Jackie Kennedy's Iconic Pink Suit Still Covered in Husband's Blood, Won't Be Seen For Another 90 Years

The day of President Kennedy's assassination on Nov. 22, 1963, Jackie Kennedy was glowing in a pink dress suit, and even after her husband was shot, the First Lady refused to take off the blood-stained ensemble at the hospital in Dallas and during her flight back home to Washington, D.C. with his body.

While museums have many of Jackie Kennedy's jewelry, gowns and hats on display, the now-iconic pink suit will not be available for public view for another 90 years.

Nicole Mary Kelby, author of the novel "The Pink Suit", which will be released by Little & Brown in April, recently spoke with the Detroit Free Press on the subject of the suit that until 2103, will only exist in photographs and memory.

"Even those of us who were not born when Kennedy was president are not immune to the horrific image of that perfect woman in that perfectly beautiful suit covered in blood," Kelby told the newspaper. "Jackie was a professional photographer.
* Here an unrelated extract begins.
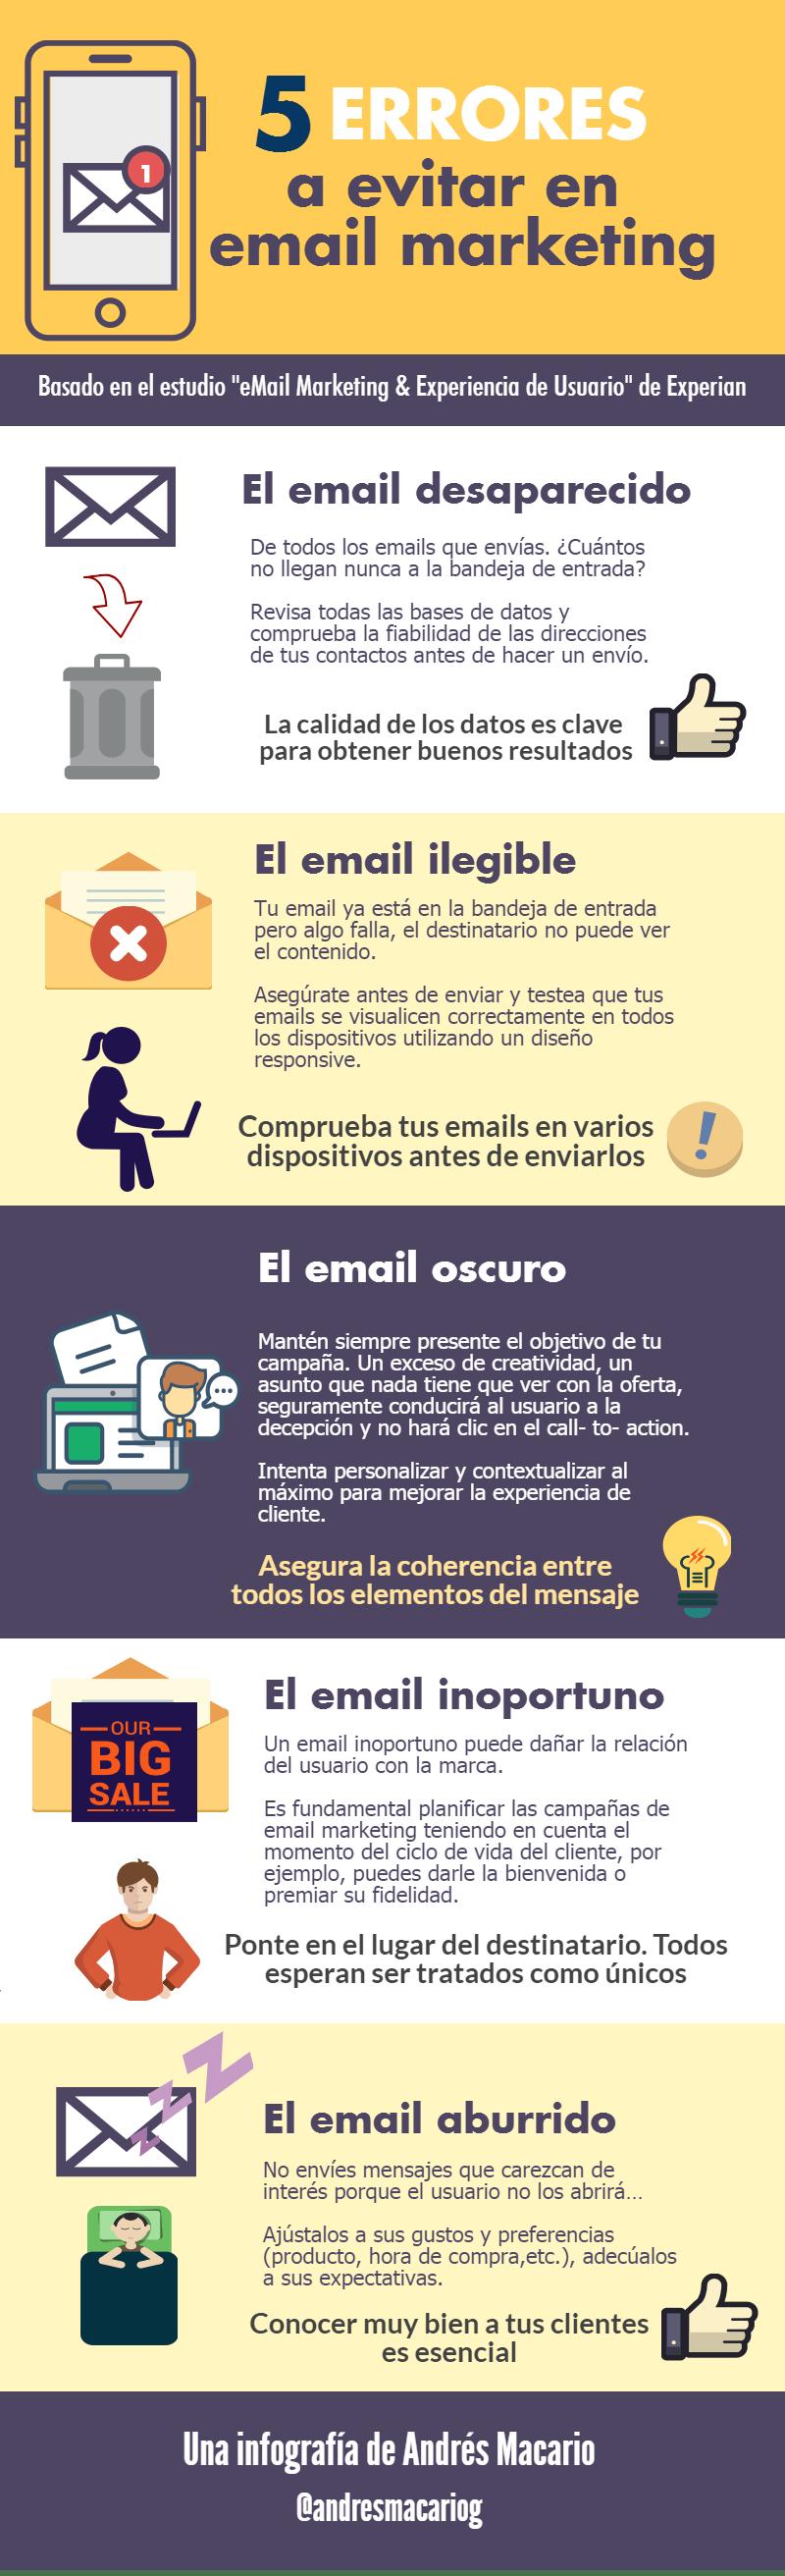 5 errores a evitar en email marketing - Infografia Andres Macario

She painted. She designed clothes. She had an artist's eye, and used the media to craft a vision of American perfection that we'd never seen before and have rarely seen since."

While it is often referred to as "Jackie's Chanel suit," the pink suit is actually an authorized replica designed in 1961 by Chez Ninon, a New York couture house, according to Kelby. President John F. Kennedy told reporters at the time that his wife looked "smashing" in the suit, which is currently in the National Archives building in Maryland.

"During the Cuban Missile Crisis, Mrs. Kennedy was forced to take over the president's diplomatic duties, something she never did," Kelby said, "and (she) wore it twice in a week - which was quite telling of the stress she was under. The next time she wore it was in Dallas."

After trying to get out of the presidential limo the morning of Nov. 22 in Fort Worth, Jackie Kennedy told aides that she refused to get out of the suit, which she continued wearing during the emergency swearing in of President Johnson and during her flight home following the tragedy.

"Her remark, I think she made it more than once is, 'No, I'm going to leave these clothes on. I want them to see what they have done,'" author Philip Shenon said to CNN.

The Kennedy family will be consulted before an attempt is made to display the suit to the public, as they want to avoid sensationalizing the assassination.